It was tips from reading this topic that fixed it for me, thanks everyone! :thumb:


----------



## srook23

Good deal. I was going to suggest getting a 3 year old! lol

I was watching my girl last night and she had this stuffed bird and was dancing around with it making all kinds of noise...I said "go show the fish your birdy". She went over to the tank and started banging the thing on the tank and wherever she'd put it on the tank they'd just follow it...soon as she started walking over they all came out...she was moving all crazy jumping all over and they love it.
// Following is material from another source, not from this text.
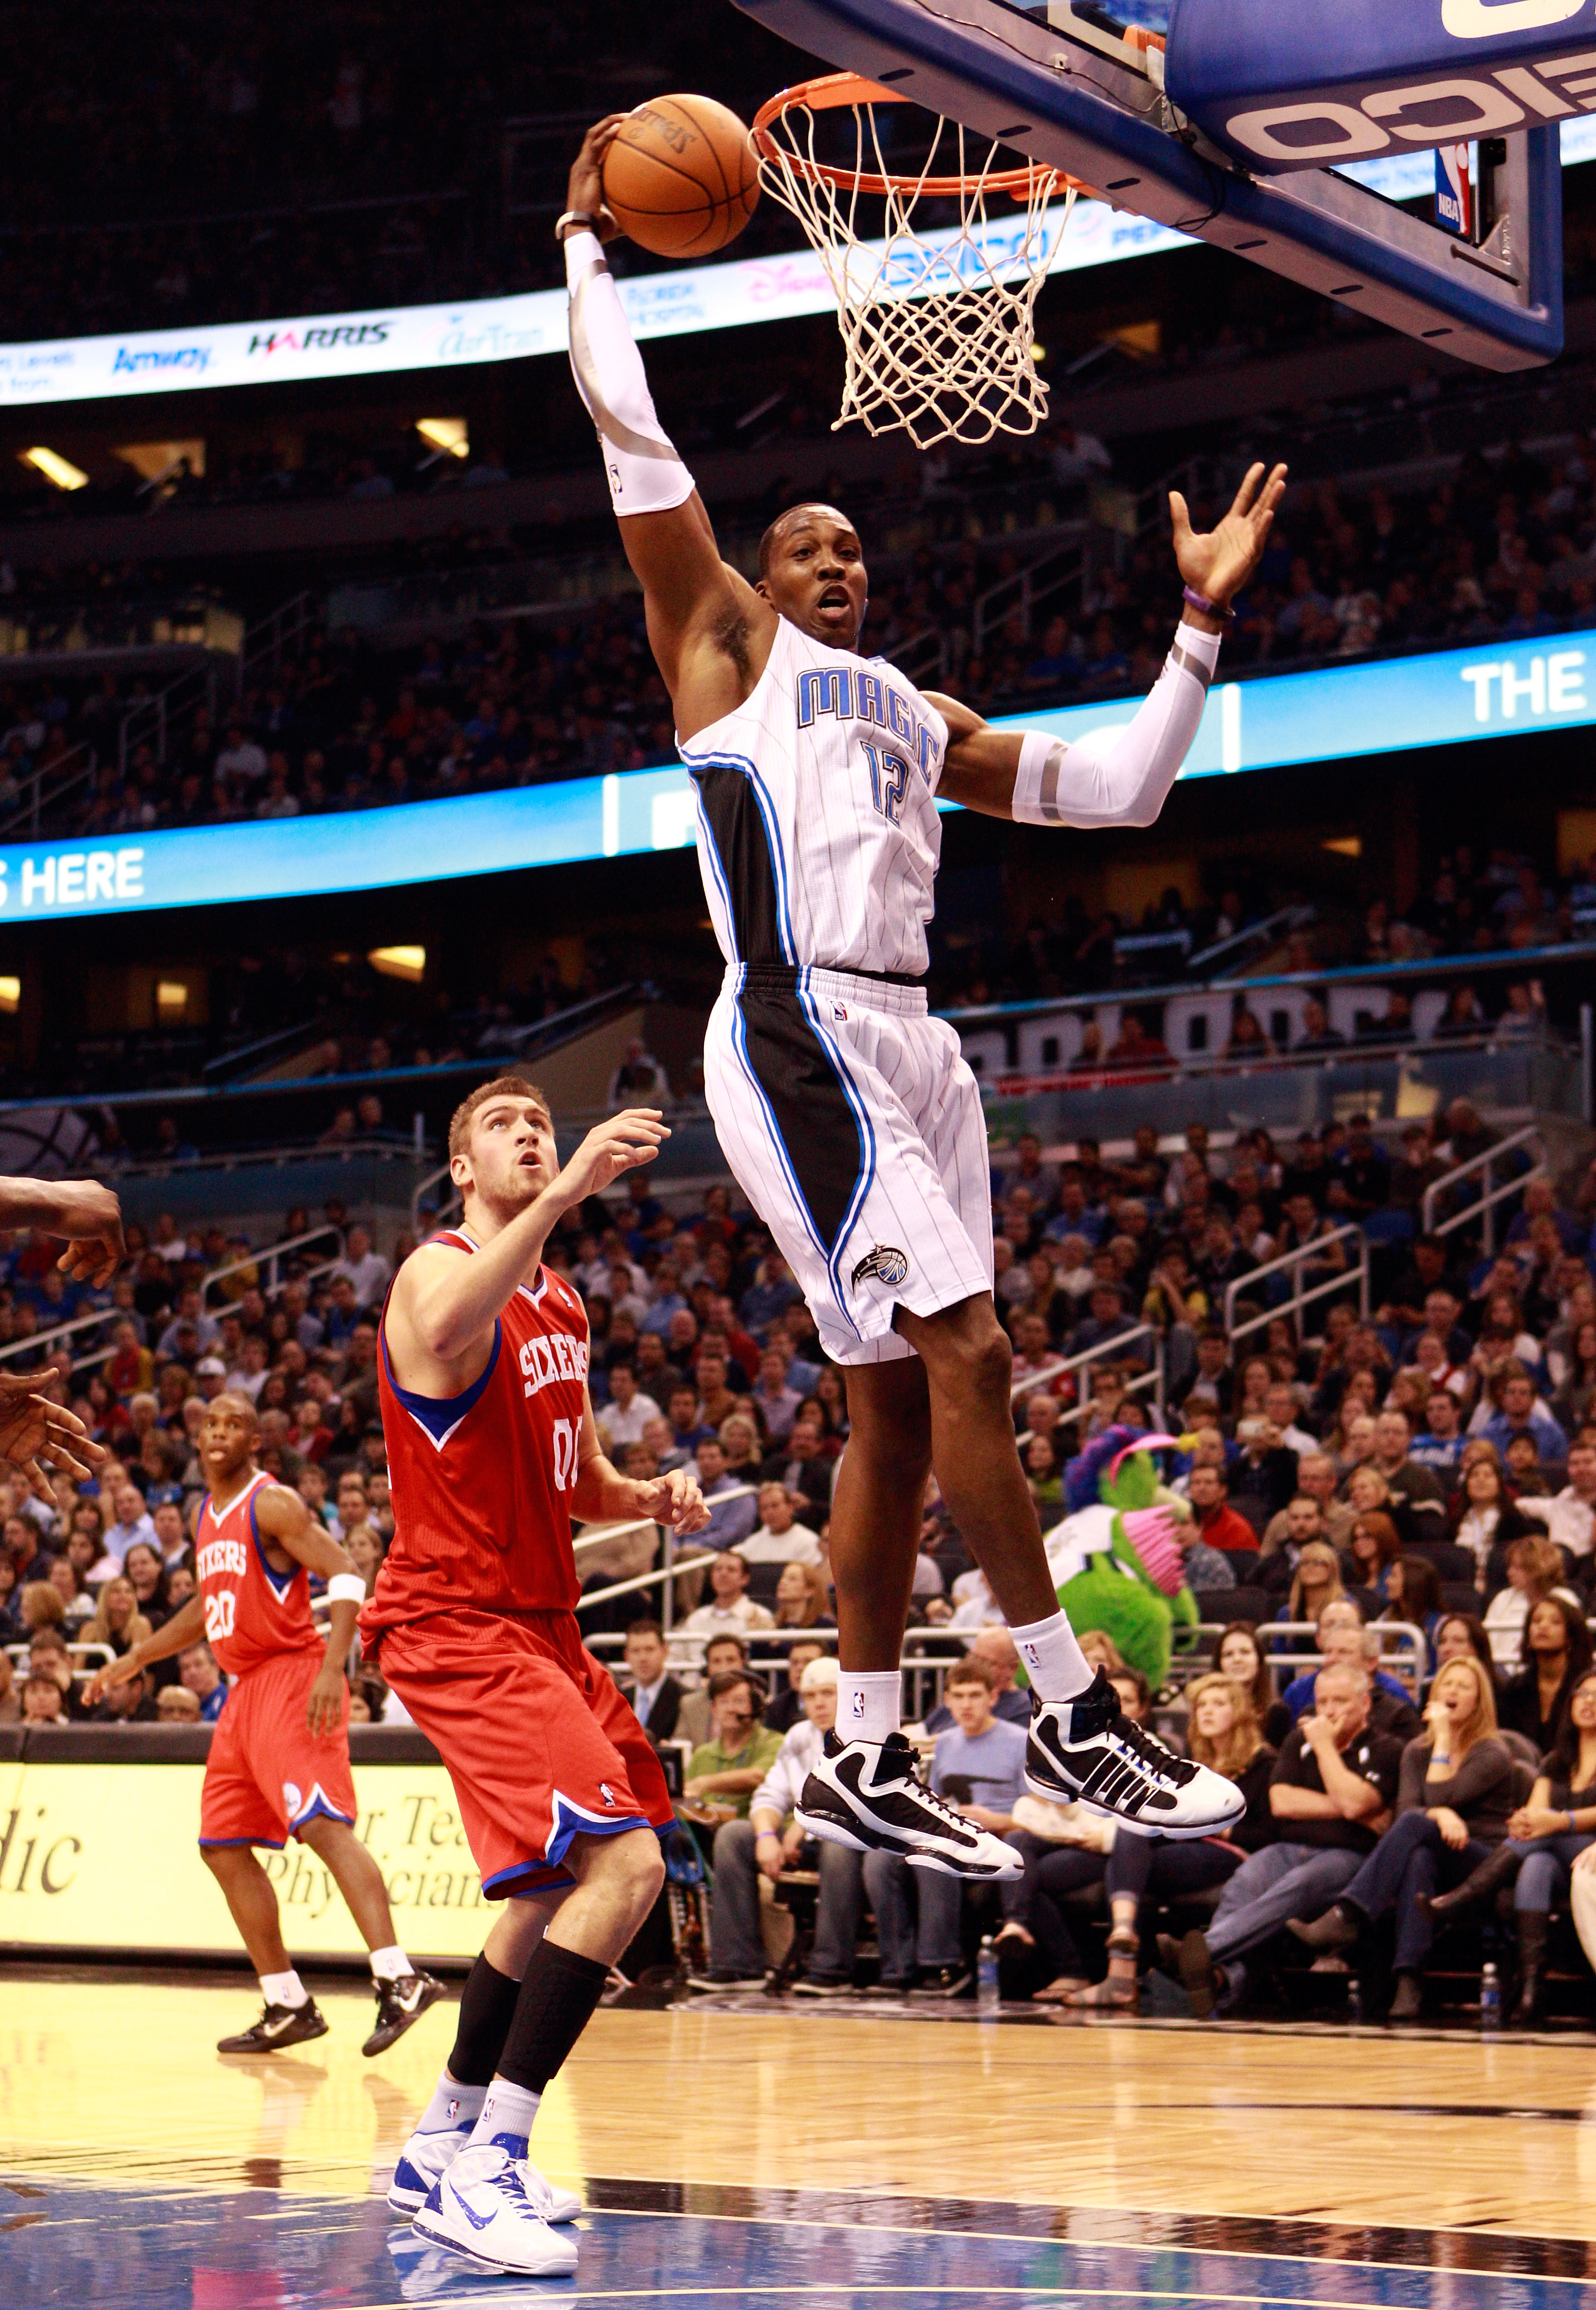 ORLANDO, FL - DECEMBER 18:  Dwight Howard #12 of the Orlando Magic attempts a shot during the game against the Philadelphia 76ers at Amway Arena on December 18, 2010 in Orlando, Florida.  NOTE TO USER: User expressly acknowledges and agrees that, by downl

I agree though, one skittish fish can make the whole tank skittish and one fish that's very sociable can make the whole tank sociable.


----------



## earth intruder

srook23 said:


> I was watching my girl last night and she had this stuffed bird and was dancing around with it making all kinds of noise...I said "go show the fish your birdy". She went over to the tank and started banging the thing on the tank and wherever she'd put it on the tank they'd just follow it...soon as she started walking over they all came out...she was moving all crazy jumping all over and they love it.
> .


That's hilarious - my fish do the same thing (although I don't have a three-year old!). But if they see anyone, even on the far side of the room, the all swarm over to that area and start begging for food. They even beg from my _dog_ for food when she stares at the tank!


----------



## cindylou

That is funny about the three yr. old so I got an idea..I have a doll that is about 2 ft. tall and I just propped it up in front of my tank and all the fish are sneaking out to see who or what this is.. :lol: :lol: I hope it helps  :lol: :lol:


----------



## srook23

IDK, maybe there is something to the kid thing. I know my fish are far from shy...then again I guess they are used to her beating on the tank all the time...they just think it's normal to have people running around and doing crazy stuff.


----------



## Dizzcat

Kids make sense. When I first set up my community tank with my Bolivian Rams, I was babysitting a 3 year old. I watched him everyday until he started kindergarten this year. They are never shy of people! I set up my Mbuna tank last summer, after I stopped watching him. Now he only comes over for an hour after school and they hide the whole time. So, my Community fish are NOT afraid of people because of a crazy-active kid, yet the Africans are since there is none.

Hmm... I think I will get a doll to stare in the tank :lol:


----------



## cindylou

I think the doll will help they keep lurking around looking at it... :lol: :lol: :lol:


----------



## klumsyninja

After that re-scape last they are all out and about.. it's a different tank completely.

I had the continuos mound with many many caves and hiding spots and now I have a big pile on the left and a few big rocks on the right with lots of open space..

Huge change in behavior!

hmmph what I thought was just going to be a thread where I could gripe and get a response or two has turned into a huge dialog. How cool is that...

And it's helped a couple tanks! woot


----------



## cichlidaholic

klumsyninja said:


> I had the continuos mound with many many caves and hiding spots and now I have a big pile on the left and a few big rocks on the right with lots of open space..
> 
> Huge change in behavior!


I've never had good luck with the continuous mound thing, and I've never seen that fish seem any "happier" with more rocks than less.

Removing rocks will also curb aggression in some instances. I think sometimes the fish see the continuous mounds as "MINE...ALL MINE!"

Basically, we don't go to all the trouble we go to for these fish to have them hide out in the rock piles all the time!

Now, if anyone wants to come and load up all this excess rock in my storage building... :wink:


----------



## klumsyninja

I just want to say that I love this tank again.. Its awesome, that rescape made all the difference in the world.

I really enjoy watching them all mess around in there.

It's a great tank and I look forward to upgrading it from a 55 to the 110 quietly waiting in the garage...


----------



## cichlidaholic

Sometimes a little change is all it takes!

When do you plan to set up the larger tank?


----------



## klumsyninja

meh, Im in no hurry... soon ish? I want to maybe do a diy BG and an UGJ so we'll see how it goes..


----------



## spotmonster

Dizzcat said:


> Would one skittish fish cause the rest to be jumpy?


Yes, for sure. It could be one fish. Also, you can "train" them. One of my tanks is right next to my couch. I run my finger along the glass and play with them sometimes. It will help after awhile.


----------



## Woundedyak

Mine hid all the time until I moved the tank to high traffic area. Now nothing fazes them. I have a 30gal jewel tank in the back room that doesn't get much traffic. If you even blink the room,they are gone. So I started to put a bar stool in front and on the sides so the cat can sit there and hearses them all day long. It's actually working.It takes alot for them to get spooked.


----------



## calleja_aquariums

Maybe go to big als and ask someone there what to do? Thats what i do they always give good advice! you must go to big als right? we live near each other, i go there a lot, the one in mississauga though.

you probably just need some dither fish in there, something or someone in the tank is scaring them or is nervous and its a dominos effect!


----------